Are you talking about the 2MP ESP32-CAM modules? Those things are an order of magnitude worse when it comes to fps and perceptual image quality vs Arducam's offerings for the RPi. Also all sorts of specialized hardware like depth sensing cameras work out of the box with the RPi.

ESP32 can do both wifi and cameras in the same sense that I can run back to back marathons. I just gotta take a couple of naps at hotels along the way.


You can connect the esp32 to a proper camera, you don't just have to use the development board for it.

If you're just taking a picture and uploading it via wifi, you're better off doing it bare metal. It can do everything stated in OP's post. MIPI support isn't available until ESP-P4 though.


How can the esp32 be connected to a proper camera? All the RPi cameras as MIPI so what's an example of a compatible camera? Do you have to debayer and sharpen the image yourself? I've seen a lot of half-assed ISPs and they make good cameras look like crap


ESP32-P4 has MIPI support, which will support the wider variety of high-end ones, but there are a small selection of SPI cameras.

If you wanted something that's available now, you could use the STM32F4/F7 or the STM32MP1.


Or Pi Pico W, I've used that on a few projects. Nearly instant boot


I'm not sure if you've worked with embedded but everything you just described shows up for free when you compile your first hello world with the platform SDK. All trivial, solved problems.

Take a look at nearly any consumer camera and note that it isn't running linux, or anything like linux.

There's a reason RPi isn't used to build actual consumer products. It's a neat toy for tinkering, handy around the shop and home for a bunch of purposes, but it's also making all the wrong tradeoffs for something you can deploy and support at scale. Nothing in the OP use case requires linux, you can do everything cheaper, faster, and FAR more efficiently on an ESP32 or similar.


I wondered why a custom kernel came so late. If you want to optimize, wouldn't you start with LFS or some source-based distribution?

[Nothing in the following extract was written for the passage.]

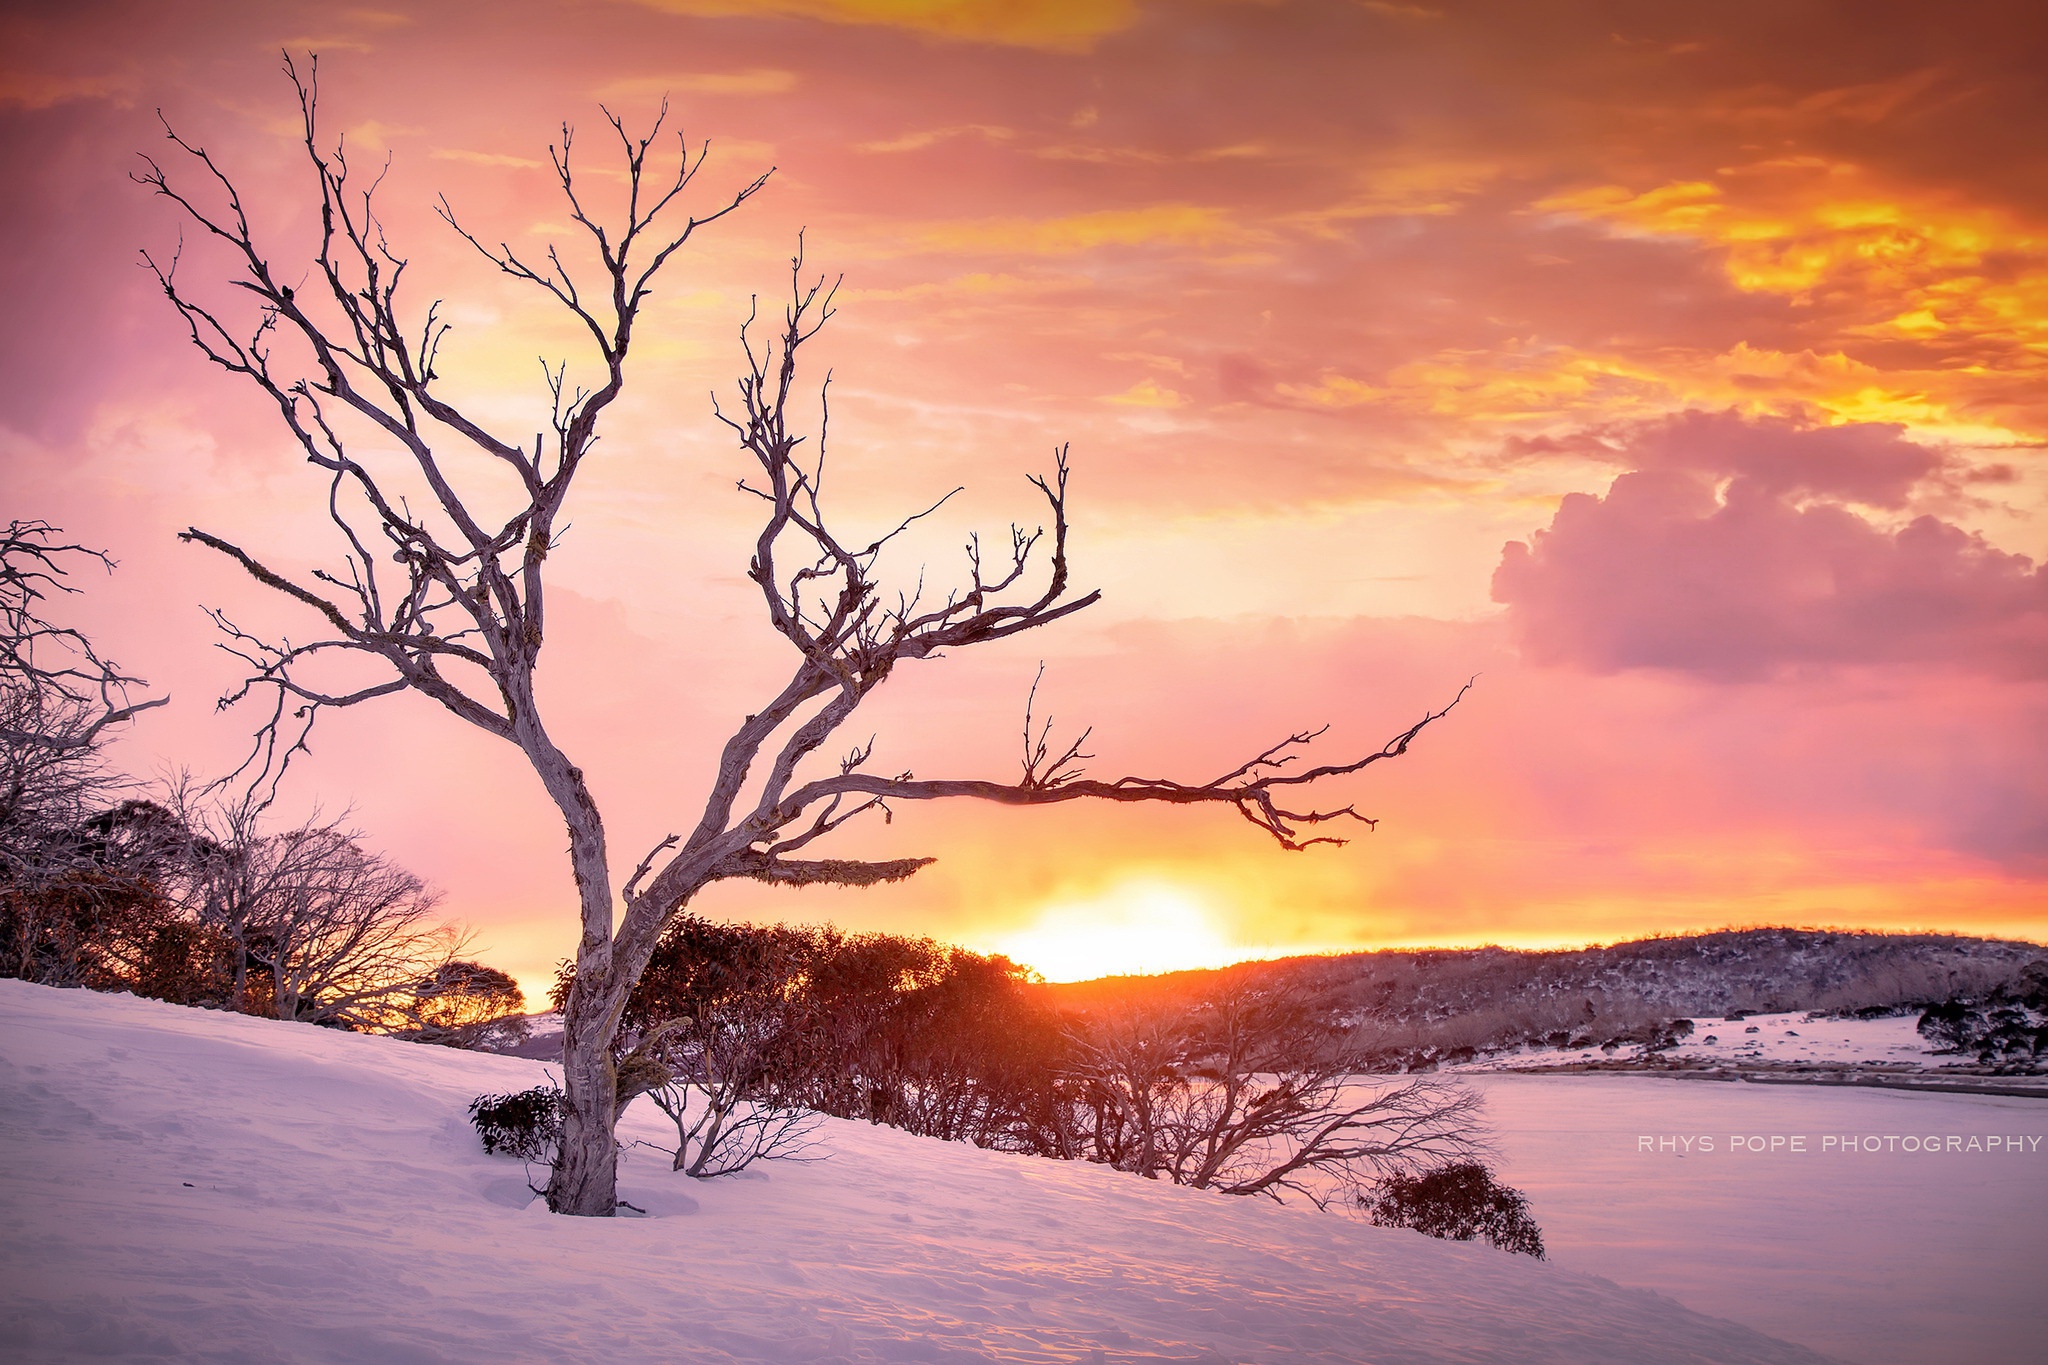 General 2048x1365 sky sunlight winter nature snow colorful landscape orange pink sunset clouds trees

Autonomous software updates don't seem to be a necessity anyway on such a device.

In addition, I wonder if it would be possible to optimize the EFI/BIOS on such a device. At least on my standard Arch Linux desktop, it takes a significant amount of boot time:

  $ systemd-analyze 
  Startup finished in 10.076s (firmware) + 1.339s (loader) + 1.569s (kernel) + 2.974s (initrd) + 3.894s (userspace) = 19.854s


> I wondered why a custom kernel came so late. If you want to optimize, wouldn't you start with LFS or some source-based distribution? Autonomous software updates don't seem to be a necessity anyway on such a device.

Buildroot (which they used) is made exactly for this. With buildroot, you configure your own "Distribution" and generate a single bootable image from it.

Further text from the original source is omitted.